## Action item
Return the records exactly, please. Every line should match.

## Data section
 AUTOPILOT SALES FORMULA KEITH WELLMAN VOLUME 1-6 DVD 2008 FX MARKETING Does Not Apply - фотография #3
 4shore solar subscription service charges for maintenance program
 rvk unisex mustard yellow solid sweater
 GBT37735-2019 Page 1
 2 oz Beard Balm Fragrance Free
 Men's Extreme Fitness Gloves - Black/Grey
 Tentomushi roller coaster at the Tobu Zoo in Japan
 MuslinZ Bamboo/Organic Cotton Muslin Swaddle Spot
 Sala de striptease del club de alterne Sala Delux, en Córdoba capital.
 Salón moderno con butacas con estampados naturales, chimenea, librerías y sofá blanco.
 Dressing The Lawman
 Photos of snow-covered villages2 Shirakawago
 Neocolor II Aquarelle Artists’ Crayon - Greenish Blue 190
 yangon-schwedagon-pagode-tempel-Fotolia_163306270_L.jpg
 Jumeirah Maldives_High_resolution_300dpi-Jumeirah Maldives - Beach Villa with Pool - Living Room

## Answer below
 AUTOPILOT SALES FORMULA KEITH WELLMAN VOLUME 1-6 DVD 2008 FX MARKETING Does Not Apply - фотография #3
 4shore solar subscription service charges for maintenance program
 rvk unisex mustard yellow solid sweater
 GBT37735-2019 Page 1
 2 oz Beard Balm Fragrance Free
 Men's Extreme Fitness Gloves - Black/Grey
 Tentomushi roller coaster at the Tobu Zoo in Japan
 MuslinZ Bamboo/Organic Cotton Muslin Swaddle Spot
 Sala de striptease del club de alterne Sala Delux, en Córdoba capital.
 Salón moderno con butacas con estampados naturales, chimenea, librerías y sofá blanco.
 Dressing The Lawman
 Photos of snow-covered villages2 Shirakawago
 Neocolor II Aquarelle Artists’ Crayon - Greenish Blue 190
 yangon-schwedagon-pagode-tempel-Fotolia_163306270_L.jpg
 Jumeirah Maldives_High_resolution_300dpi-Jumeirah Maldives - Beach Villa with Pool - Living Room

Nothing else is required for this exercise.